Тяжело, медленно продвигаются вперед волы, хоть и охаживает их без устали нене Михалаке кнутовищем. Снег глубокий, сугробы высокие. Густыми хлопьями плавно падает с неба снег. Фонари во тьме мигают, будто желтые диковинные глаза.
Лысый дед Бурдуля блаженствует, затесался в толпу девчонок. Щекочет их, щиплет, треплет за щеки и подбородки. Разъяренным быком ревет волынка. Жалобно всхлипывает кларнет. Мундштук примерзает к губам. Все одиннадцать свистулек ная забиты мерзлой слюной. Простуженно хрипит кобза. Хрипло и задорно выкрикивает рябой кобзарь:
В хатах, в хатенках чуют люди: творится что-то на улице, да не видят, что. Все снегом засыпало. Завалило снегом. Сугробы намело до самых крыш. А где вьюга свободно гуляет — и выше крыш. Каждый день приходится со снегом воевать, а иначе и до колодца не доберешься. Из дома в дом не пройдешь. Прокопали люди лопатами узкие проходы. Расчищают, что ни день, переезд на окраине села, где железная дорога проходит. Ни в одном окошке не видно света. Тьма окутала наше село Омиду, всю долину Кэлмэцуя, окутала весь мир, лишь деревья протягивают к небу черные сучья.
При слабом желтом свете фонарей я высматриваю моих приятелей. Гэрган говорит мне, что Трэкэлие, Тутан и Туртурике ушли домой. Всех троих в сон потянуло.
— Выпили, что ли?
— Выпили ракии. И немало.
Мы с Кривым Веве пробираемся через сугробы и натыкаемся на моего брата Иона. В руках он держит бутылку с вином.
— Неужто и отец тут? Ни в жизнь ему не прощу! — кричу я.
— Нет, Дарие, отец с матерью и сестрами давно домой ушли. А ты-то не прозяб?
— Маленько озяб.
Брат протягивает мне бутылку:
— На, хлебни.
Я делаю глоток. Один, другой, третий…
И Кривой Веве отпивает три глотка.
— Спасибо.
— Это мне Нета бутылку сунула, чтобы помалкивал, не проболтался, что она в соломе с Авендрей барахталась.
— Купила, значит, тебя?
— Почему купила? Я вам сказал, вы другим скажете…
Тьма скрывает нас с Веве от брата, от Гэргана. Снег глубокий, мягкий, мы то и дело по пояс в сугробы проваливаемся. От вина и лазанья по сугробам нас кидает в жар. Миновали корчму Томы Окы и почту, где начальником мой двоюродный брат Никулае Димозел. Тащимся мимо примарии. Мимо школы. Сторожей перебудили. Им бы уж как хотелось бы пойти со всеми вместе, да приходится на месте сидеть, караулить примарию, бумаги, телефон, столы…
— Хи-хи-хи…
— Ха-ха-ха…
— Знал бы батюшка Томице, не завалился бы спать…
— Как не завалиться, когда я его из корчмы еле-еле в хату отволок.
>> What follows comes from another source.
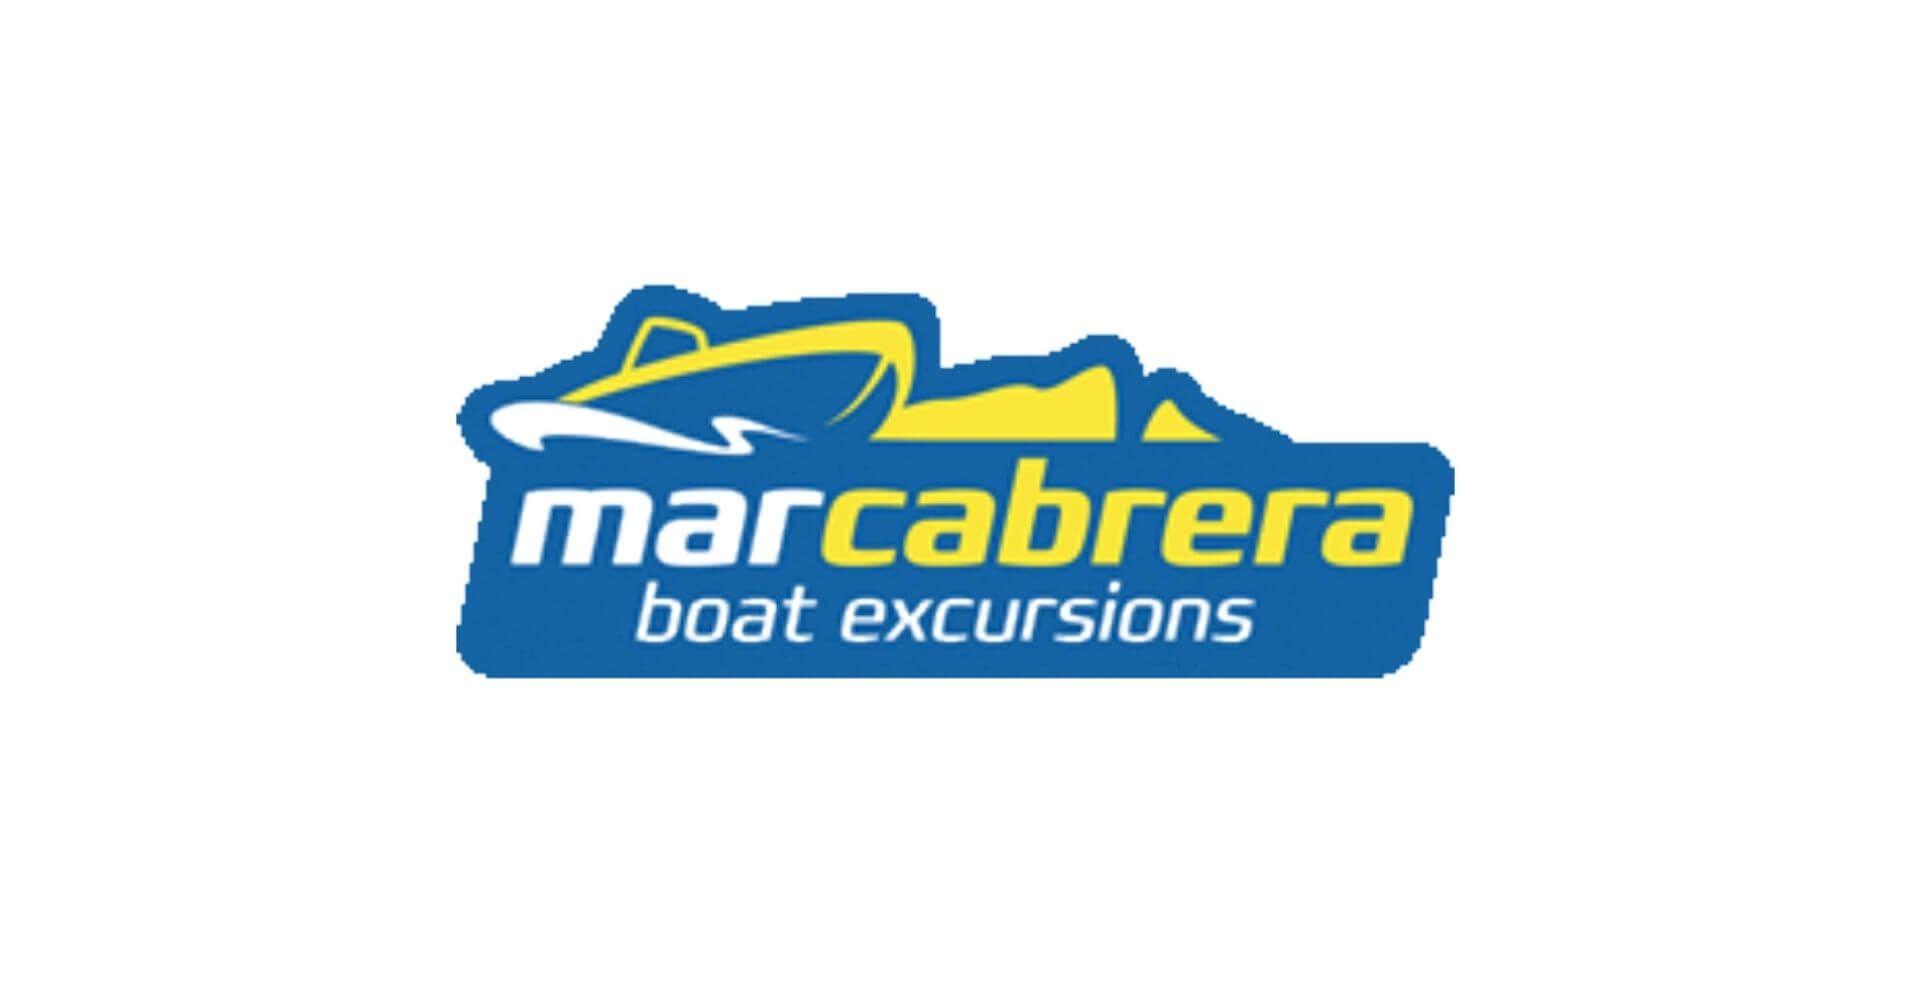 Logo de Mar Cabrera. Mallorca, Islas Baleares.

Кроме моих отца с матерью, да еще Звыки-коротышки, все гости до единого и все до единого парни, что толклись в сенях у Стэнике, идут следом за бороной. Всем любопытно поглядеть, что будет с Маричикой. Чем обернется ее позор. Не каждый же день — да что там говорить, не каждый год такое случается. У нас в Омиде есть охотники поглядеть да полюбоваться, как встретятся и начнут собачиться косой Стэнике и богатей Ветуй с хутора Виорика, что на холме.
— Пошли домой, Веве!
— Можно подумать, что тебе домой хочется, — отзывается Веве, — а сам только и думаешь, как бы тут остаться.
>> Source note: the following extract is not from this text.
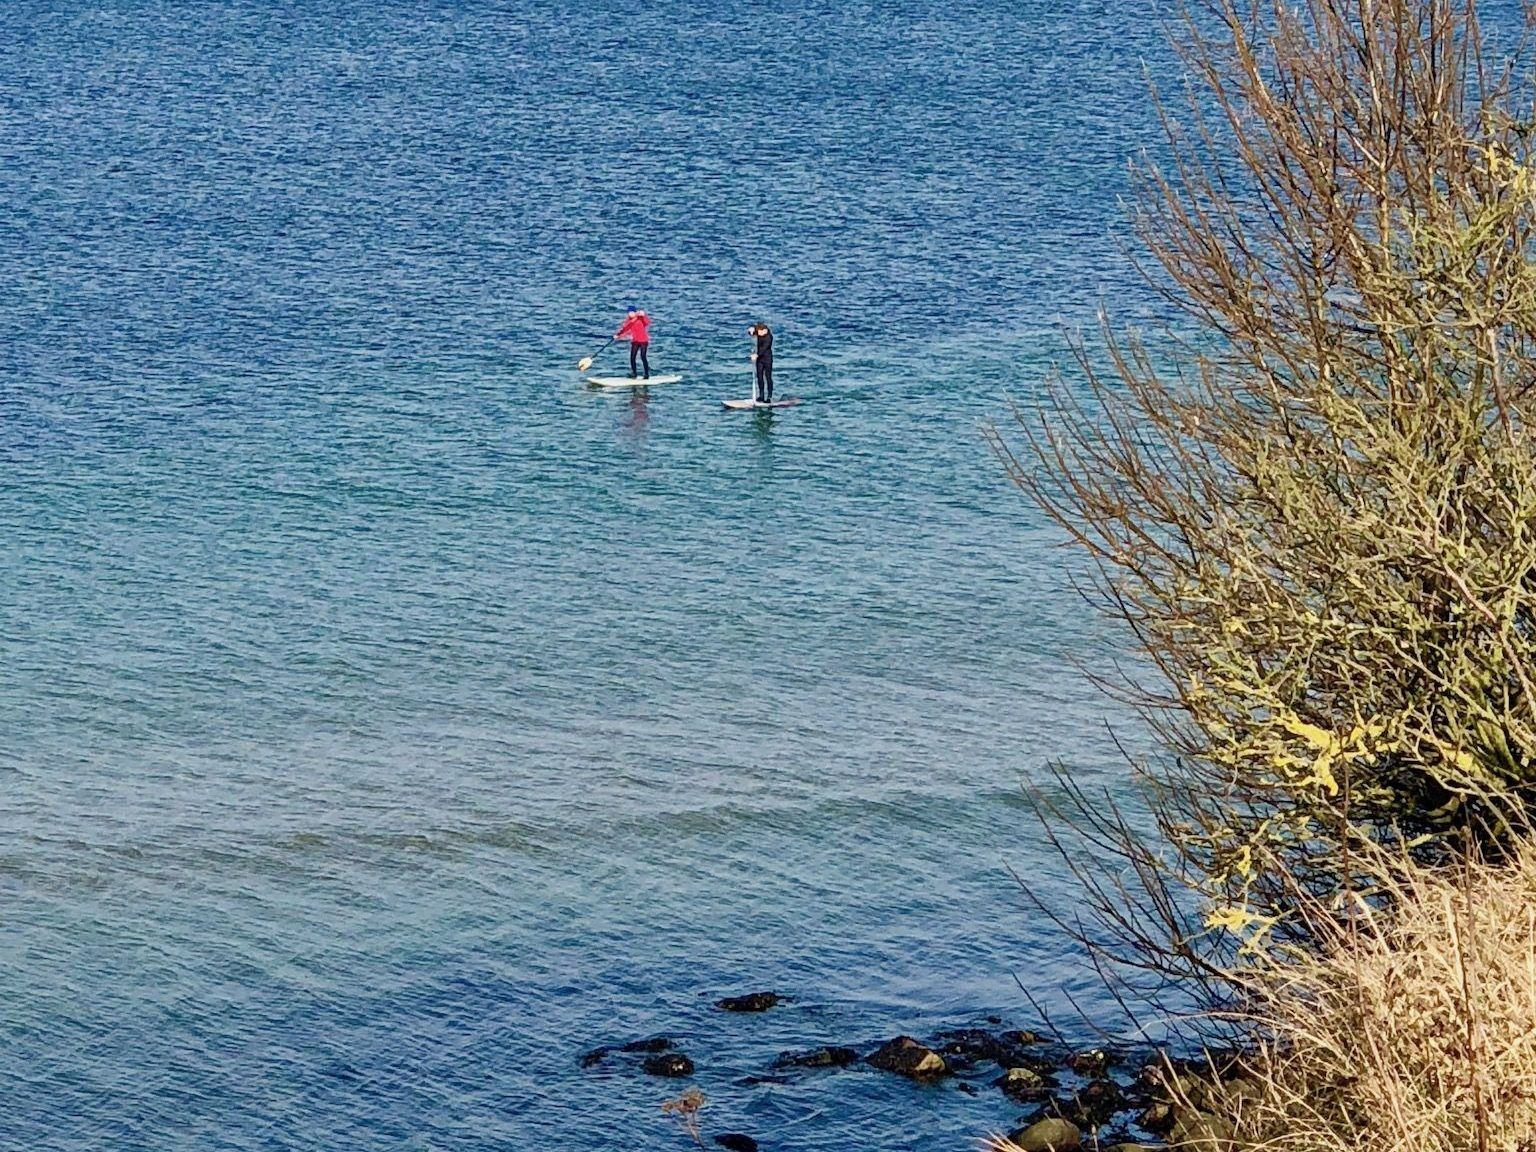 SUP im Winter: Zwei Stand Up Paddler sind im Februar auf der 4 Grad kalten Ostsee unterwegs. Foto: Sascha Tegtmeyer

Я ничего не отвечаю. Долго молча бреду за бороной, проваливаясь в снег, падая и поднимаясь. Устал я до смерти. А домой возвращаться все же не хочется. Веве, хоть и один у него глаз, хоть и тьма кругом, а все ж прочитал самые потаенные мои мысли.
— Твоя правда, Веве, — признаюсь я тихонько. — Мне и хотелось бы вернуться домой, но с большей охотой я бы остался.
— Видишь, Дарие, и ты не лучше меня, не лучше других, хотя и пытаешься казаться умнее.
Что мне было отвечать? Мог я, конечно, наврать с три короба, но врать мне не хотелось.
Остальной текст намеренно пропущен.